[Task to complete]
Wherever a picture sits, omit it. Output the rest of the listing exactly.

[Provided data]
== Segment start ==

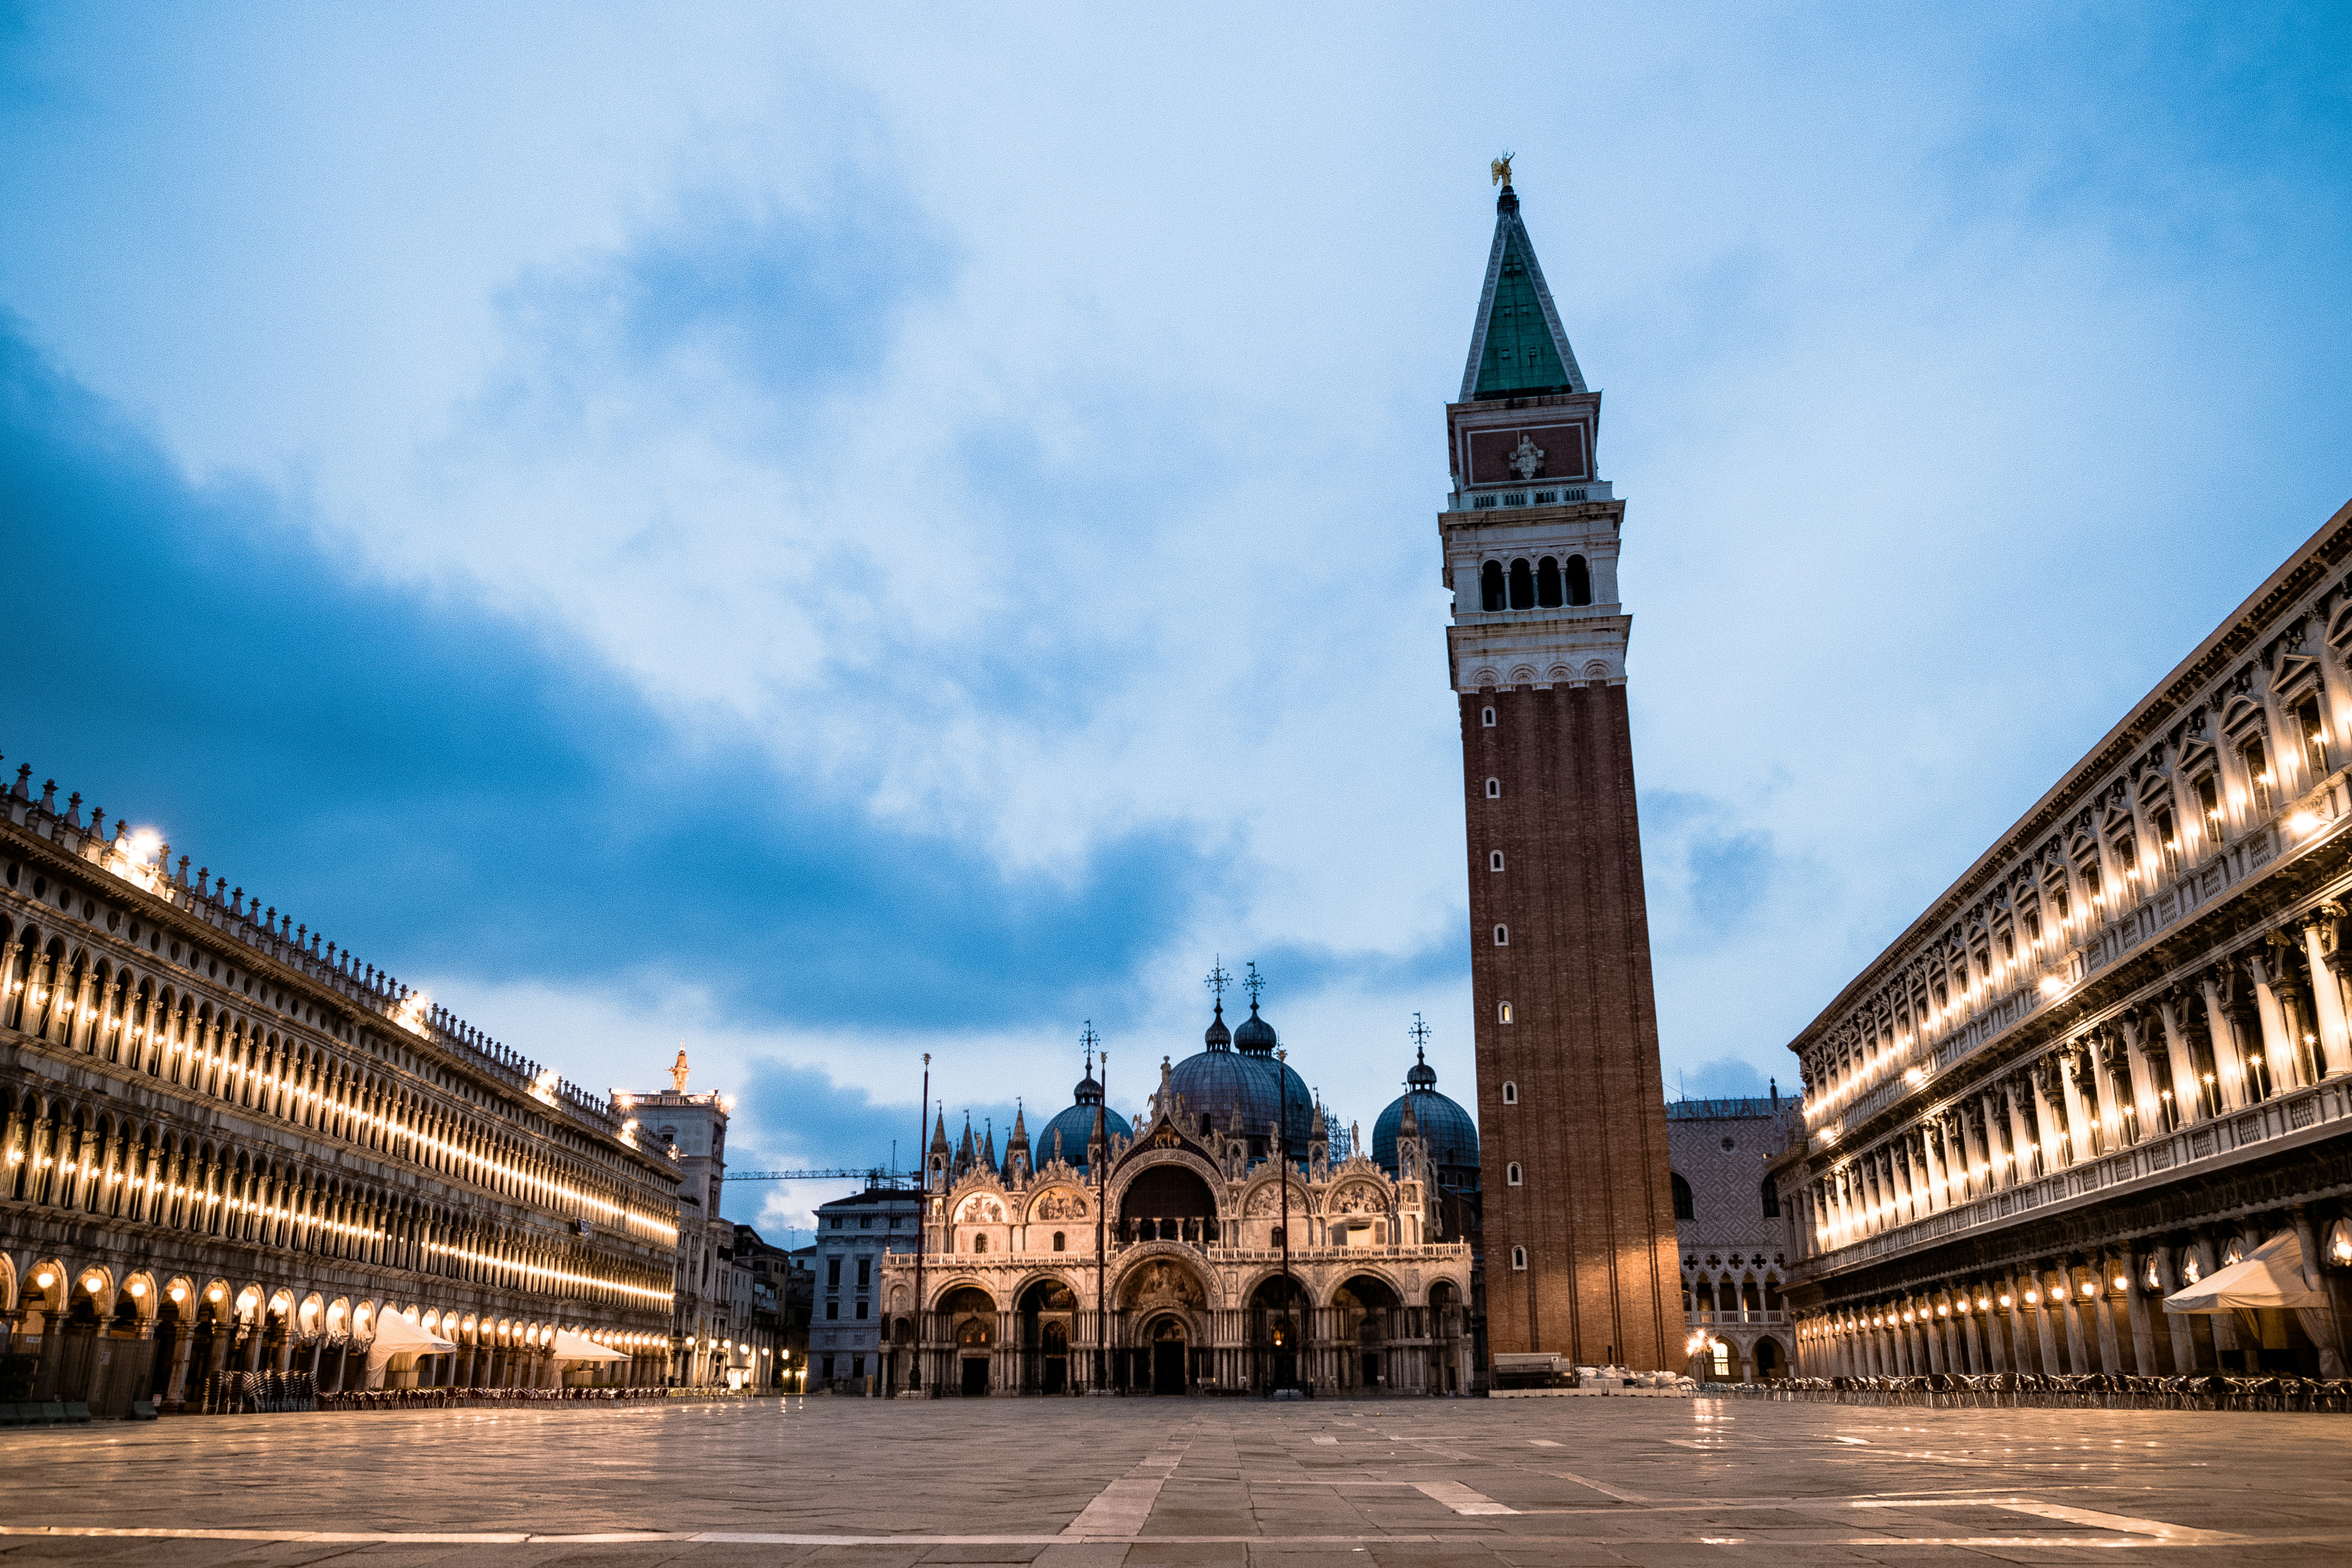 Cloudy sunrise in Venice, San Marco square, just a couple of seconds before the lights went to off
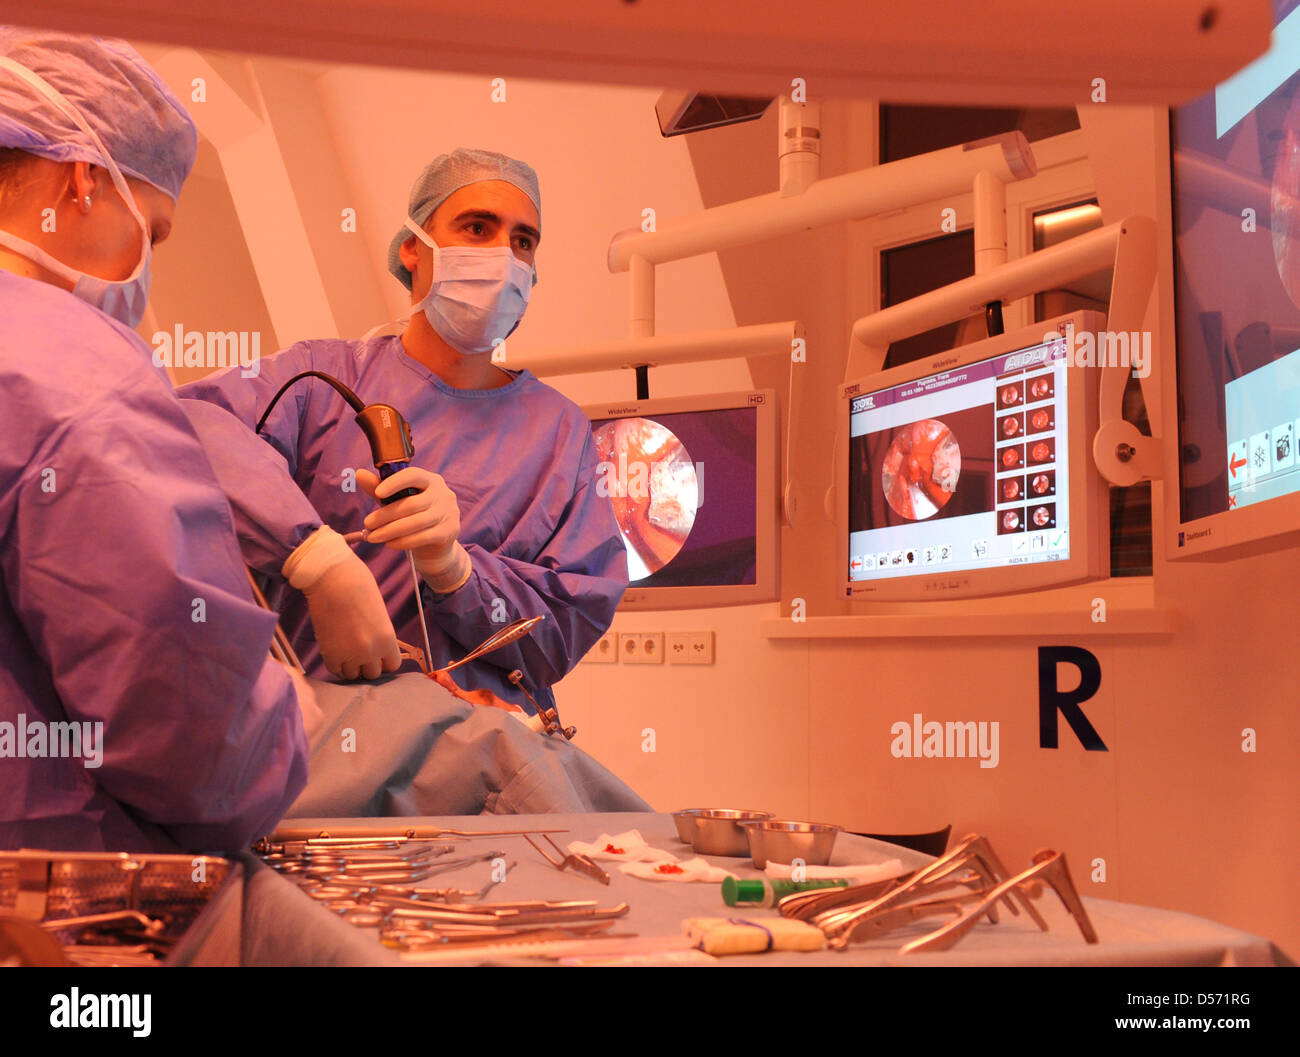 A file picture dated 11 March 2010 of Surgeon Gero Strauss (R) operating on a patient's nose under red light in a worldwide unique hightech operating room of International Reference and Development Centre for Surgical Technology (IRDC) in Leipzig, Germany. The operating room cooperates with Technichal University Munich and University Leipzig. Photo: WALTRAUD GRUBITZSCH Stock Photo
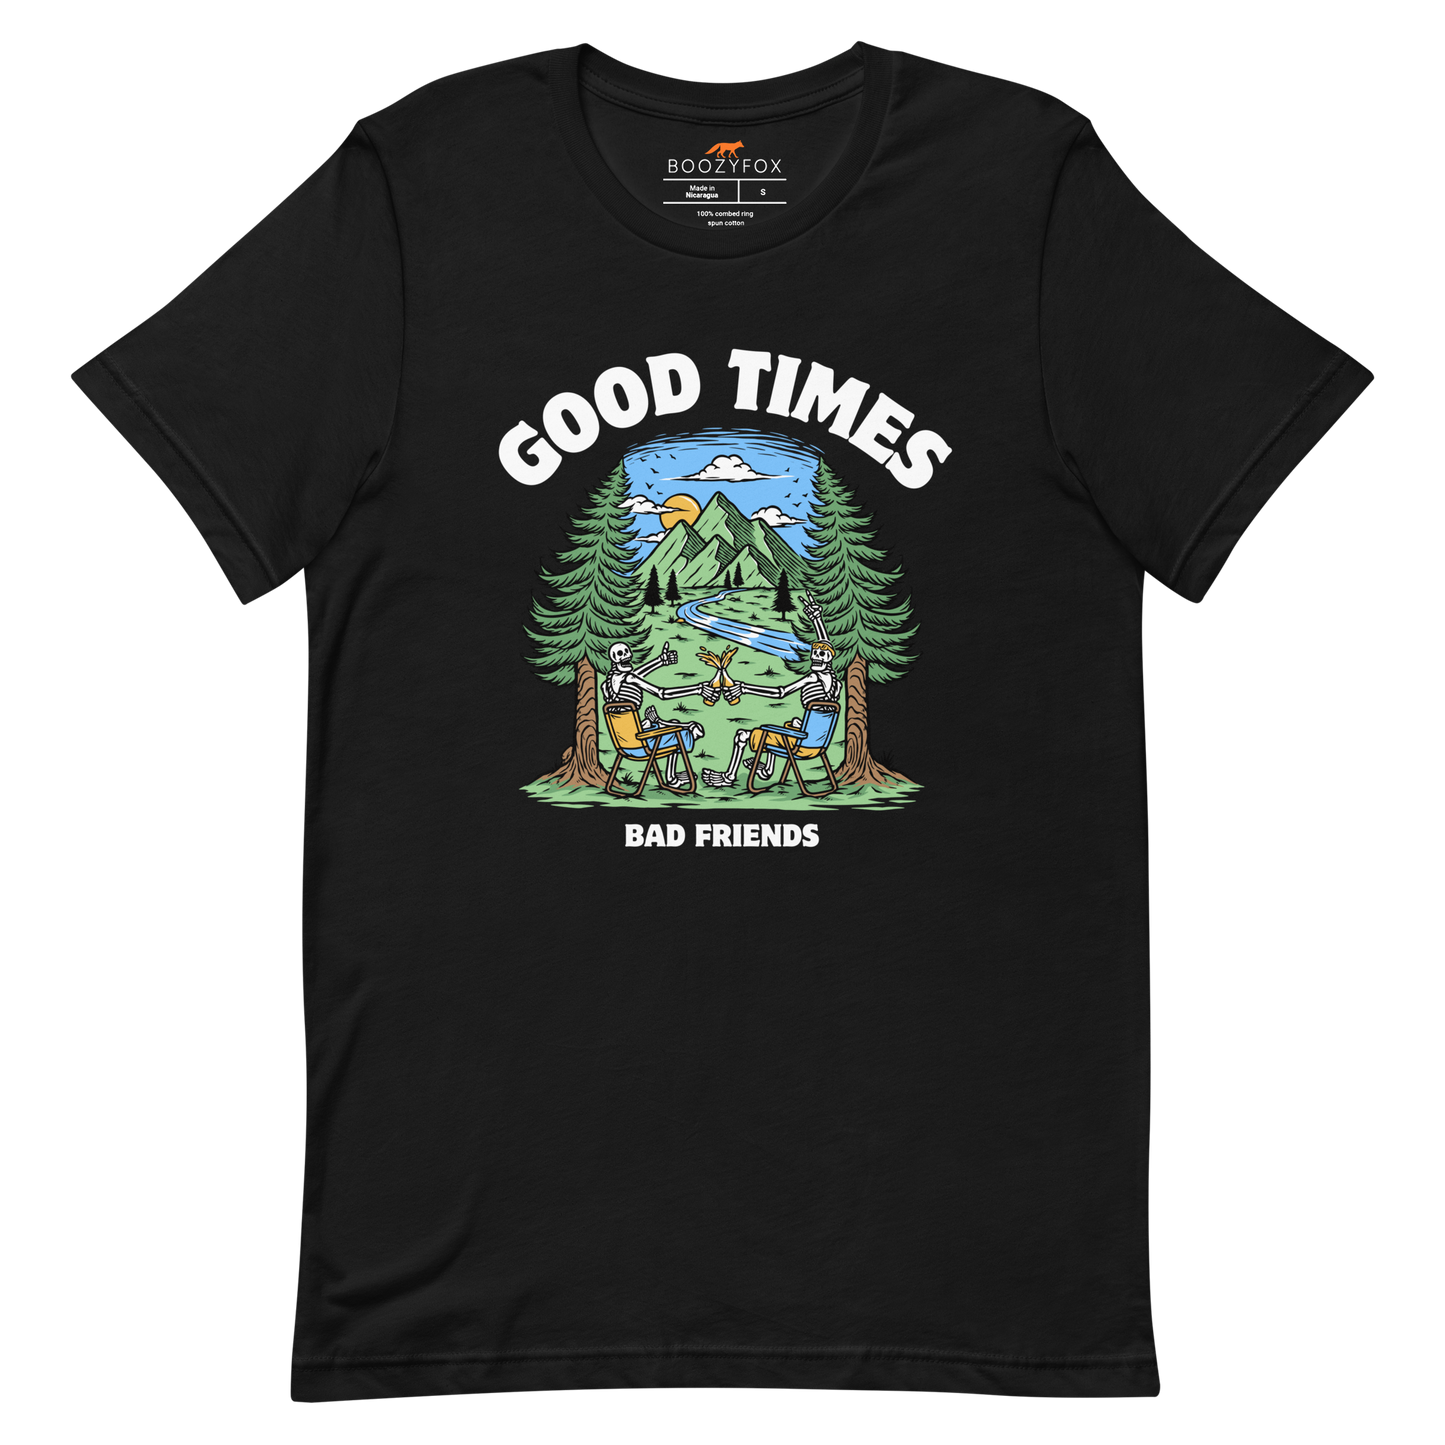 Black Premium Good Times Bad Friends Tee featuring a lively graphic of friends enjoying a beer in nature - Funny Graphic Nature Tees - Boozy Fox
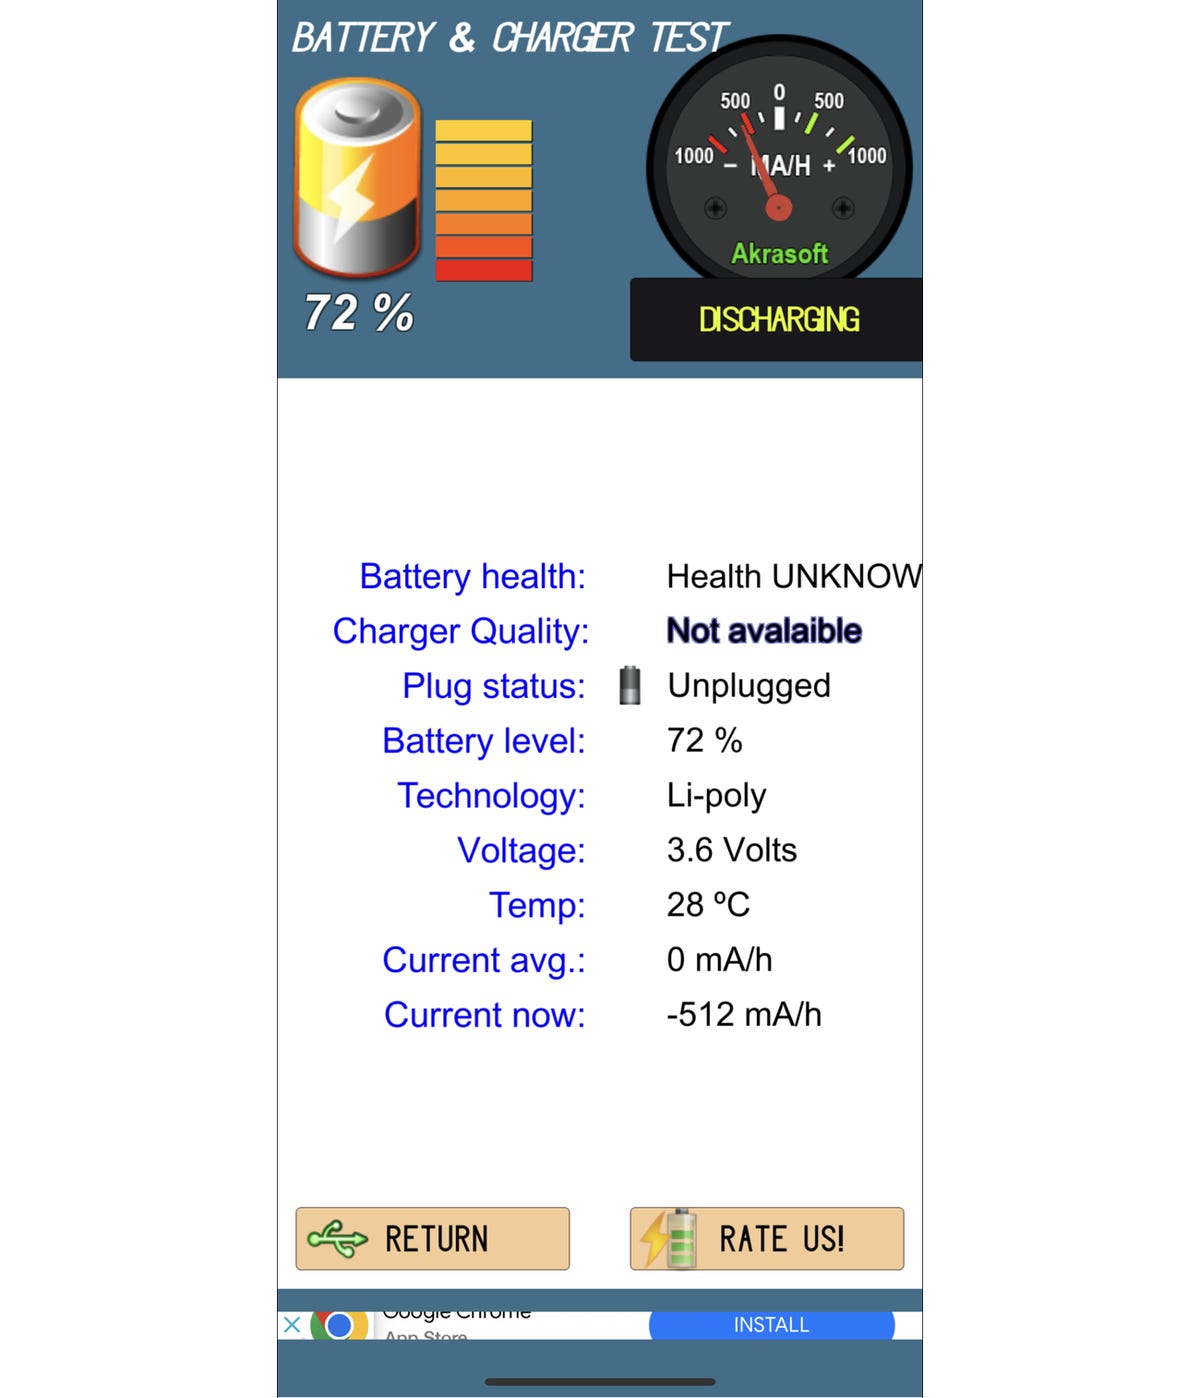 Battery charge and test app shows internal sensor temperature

== Segment end ==

[Task output]
 Cloudy sunrise in Venice, San Marco square, just a couple of seconds before the lights went to off
 A file picture dated 11 March 2010 of Surgeon Gero Strauss (R) operating on a patient's nose under red light in a worldwide unique hightech operating room of International Reference and Development Centre for Surgical Technology (IRDC) in Leipzig, Germany. The operating room cooperates with Technichal University Munich and University Leipzig. Photo: WALTRAUD GRUBITZSCH Stock Photo
 Black Premium Good Times Bad Friends Tee featuring a lively graphic of friends enjoying a beer in nature - Funny Graphic Nature Tees - Boozy Fox
 Battery charge and test app shows internal sensor temperature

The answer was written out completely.